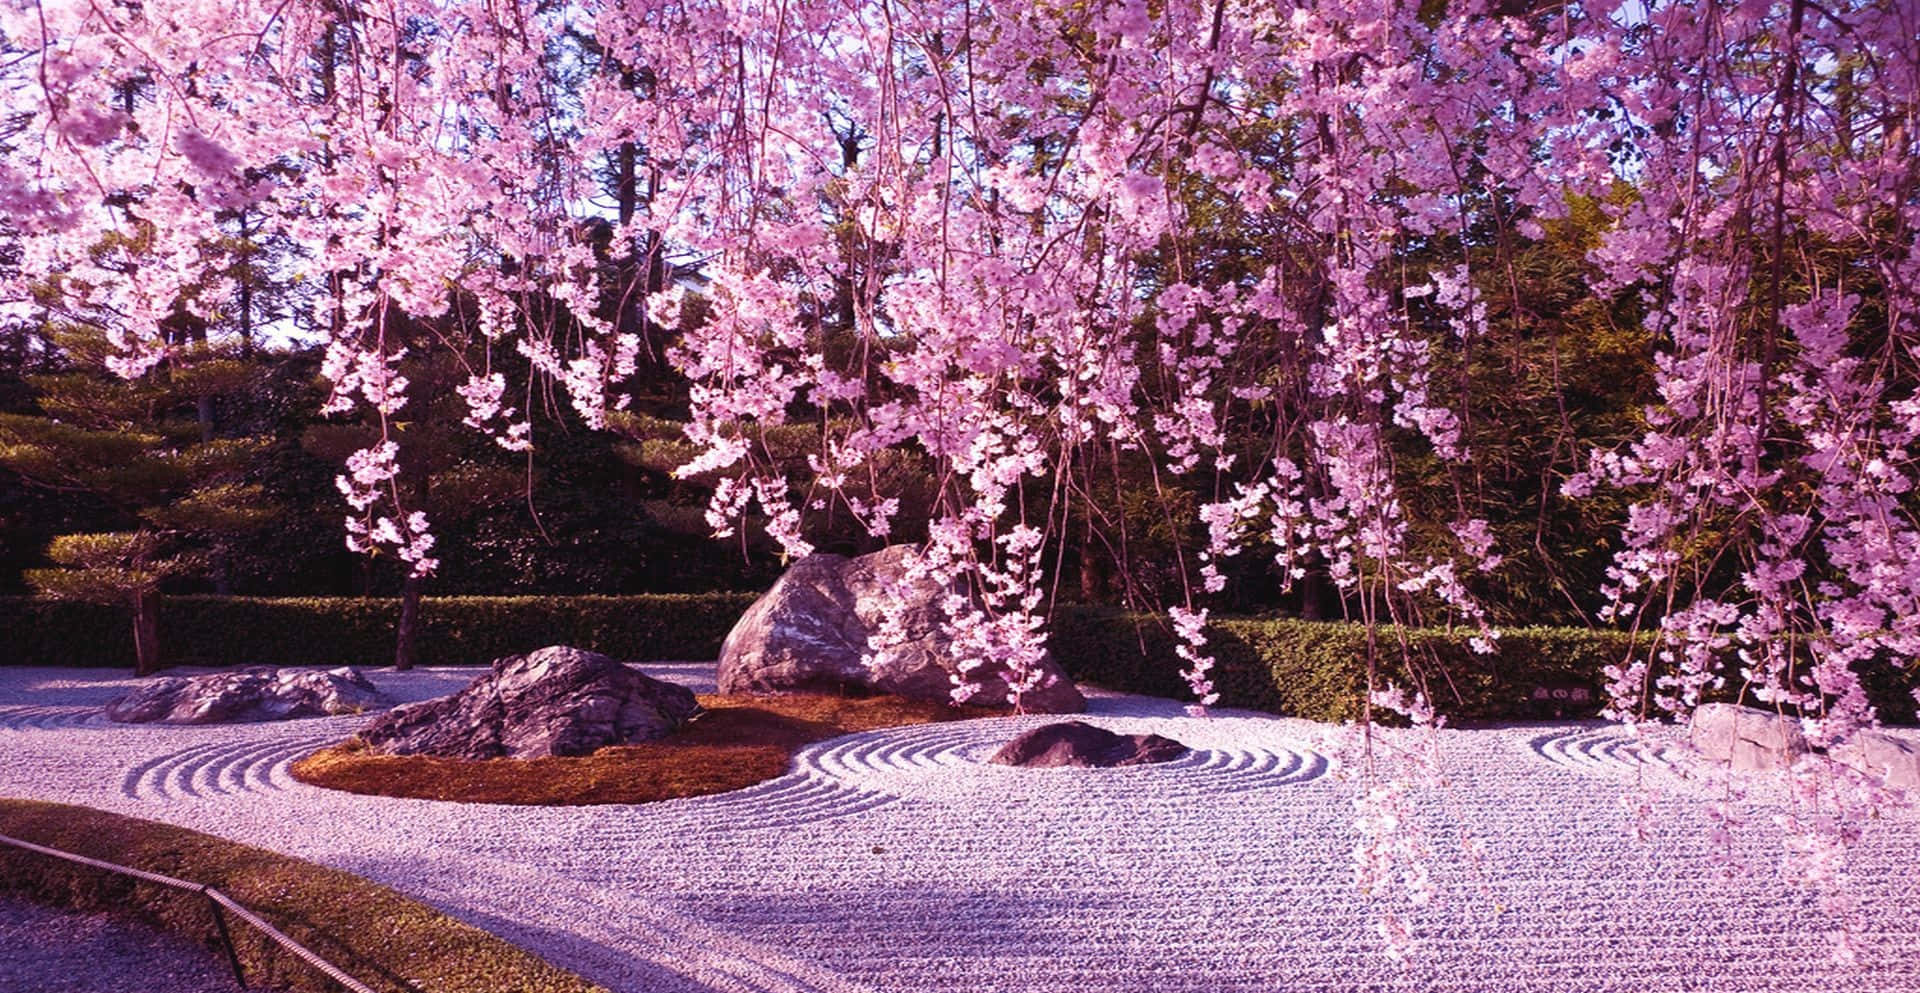 A breathtaking view of a Sakura Blossom tree in full bloom. Wallpaper
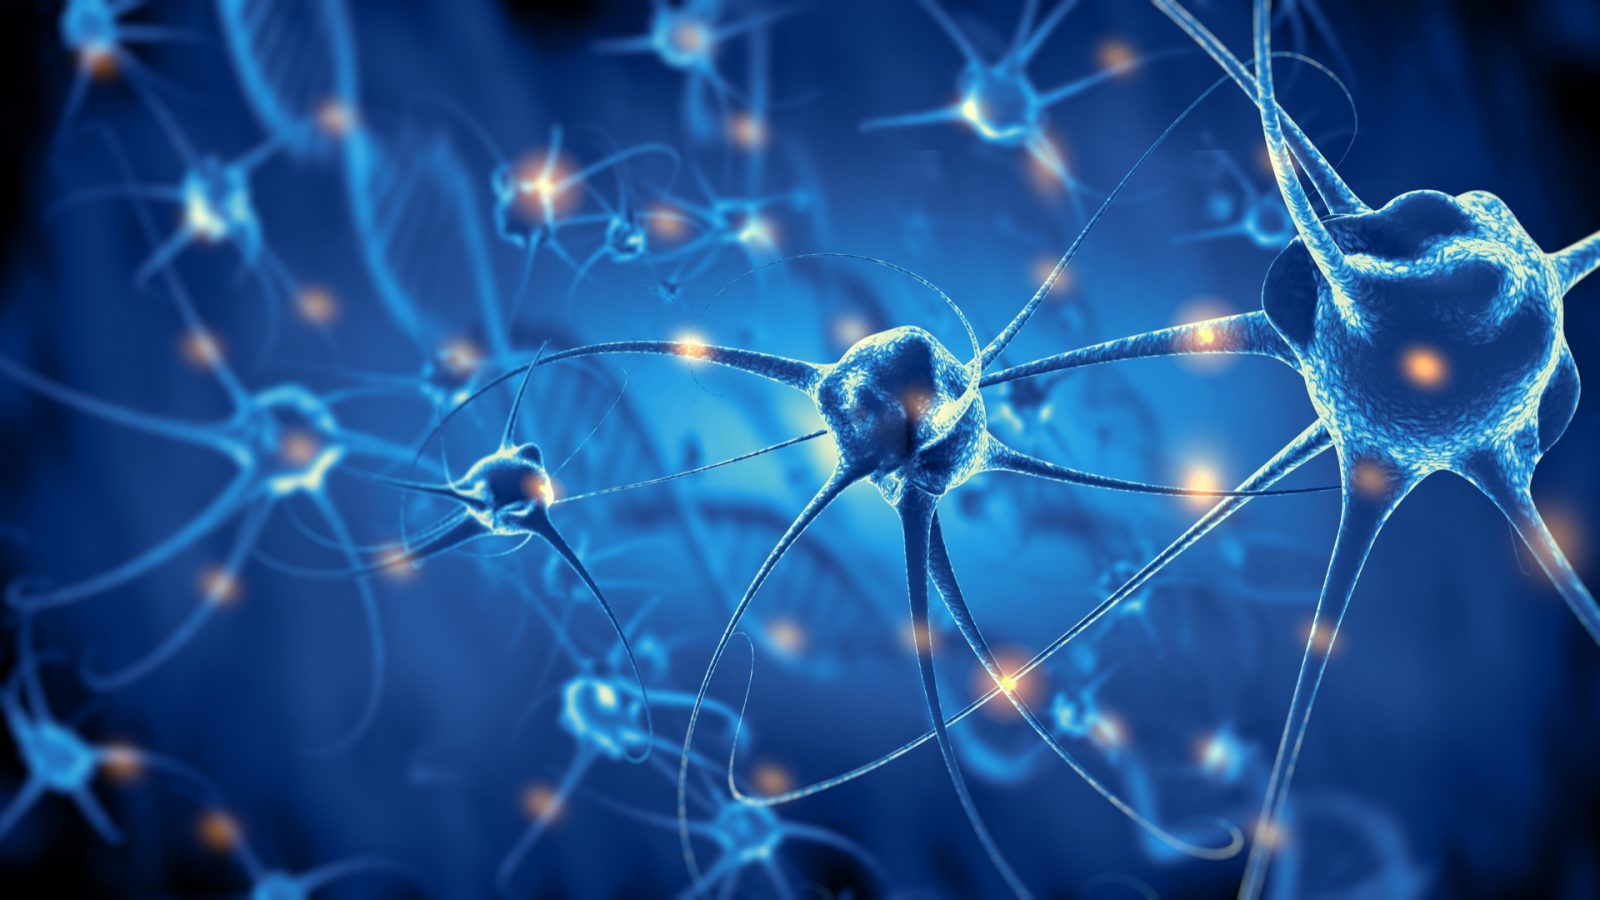 Фактор роста нервов (nerve growth factor, NGF) относится к белкам семейства нейротрофинов и участвует в росте, пролиферации, а также регенерации нейронов. NGF является многофункциональной молекулой
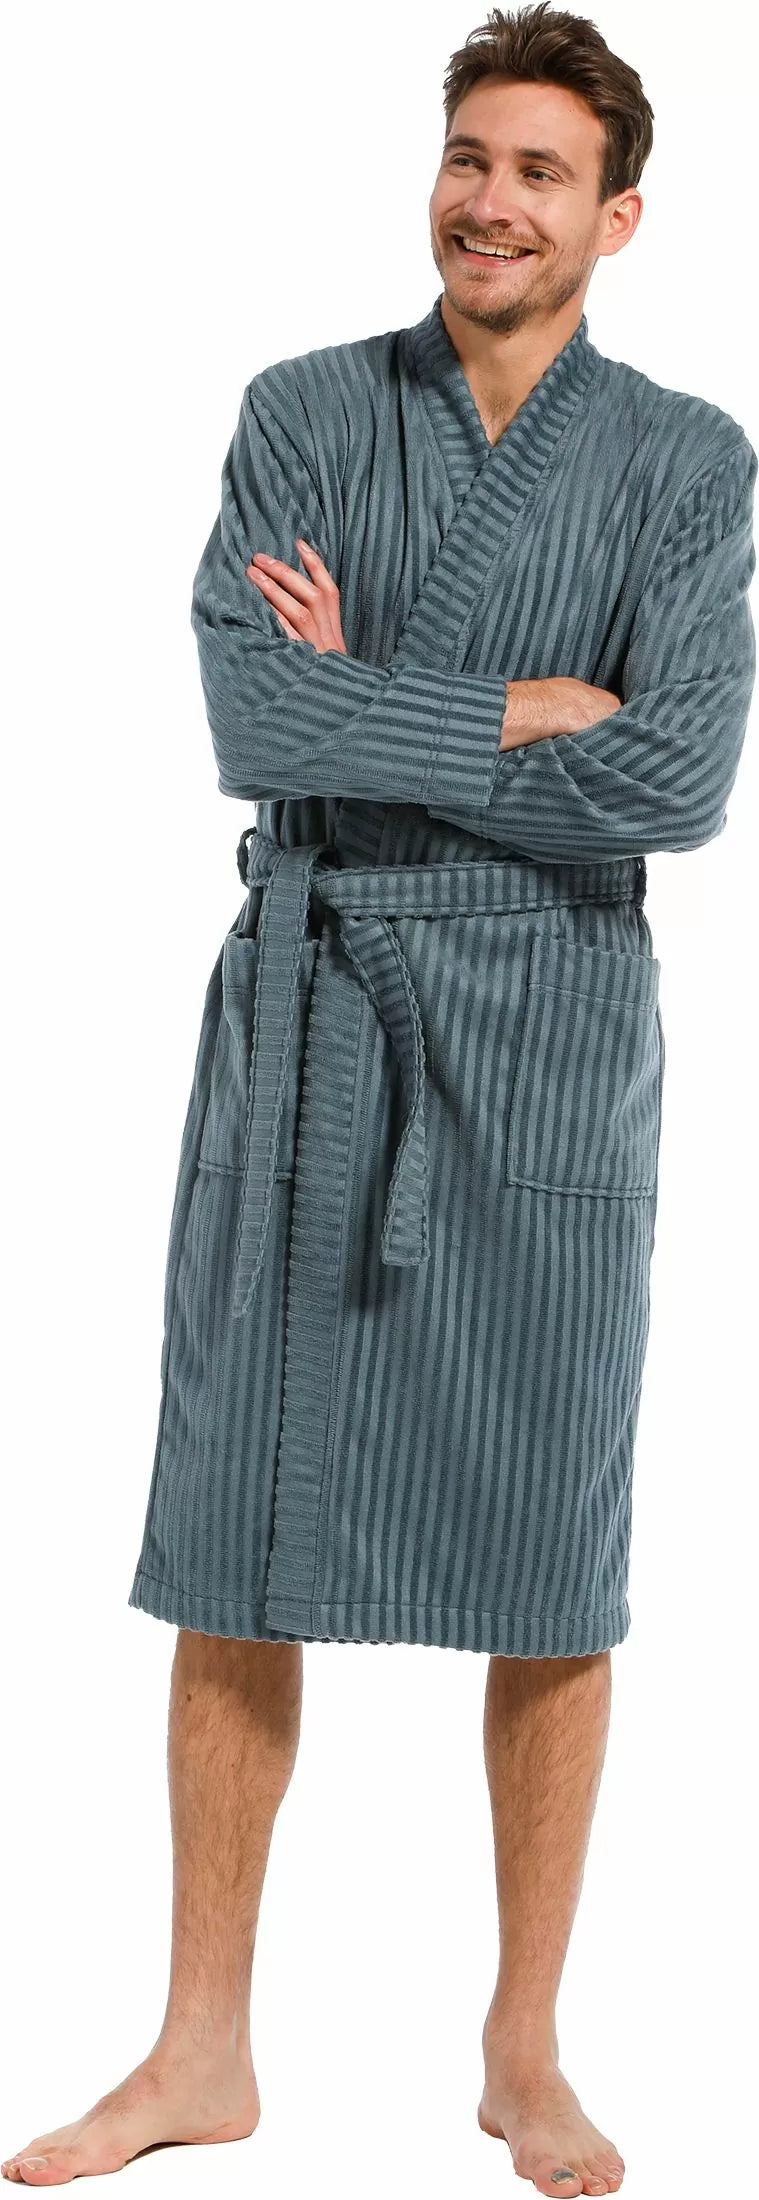 Pastunette heren badjas met omslag 7399-651-1 - blauw
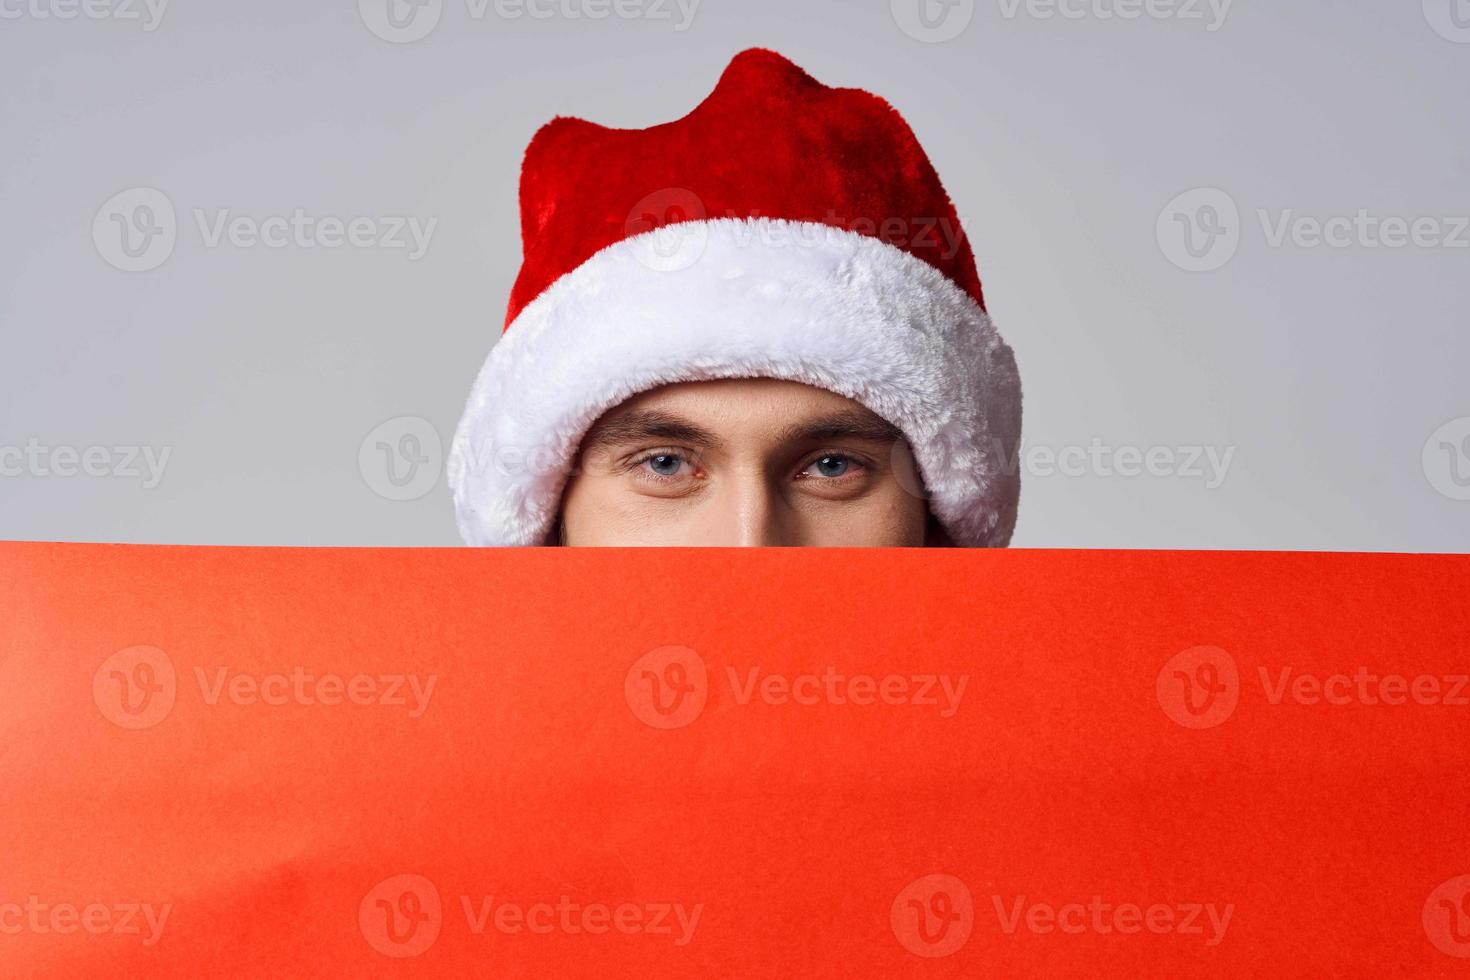 emotivo uomo rosso carta tabellone pubblicità Natale copia-spazio studio foto

▶ **Problem requirements**
Go through the material above and print all of it exactly, except the pictures.

▶ **Finished exercise**
 A breathtaking view of a Sakura Blossom tree in full bloom. Wallpaper
 Фактор роста нервов (nerve growth factor, NGF) относится к белкам семейства нейротрофинов и участвует в росте, пролиферации, а также регенерации нейронов. NGF является многофункциональной молекулой
 Pastunette heren badjas met omslag 7399-651-1 - blauw
 emotivo uomo rosso carta tabellone pubblicità Natale copia-spazio studio foto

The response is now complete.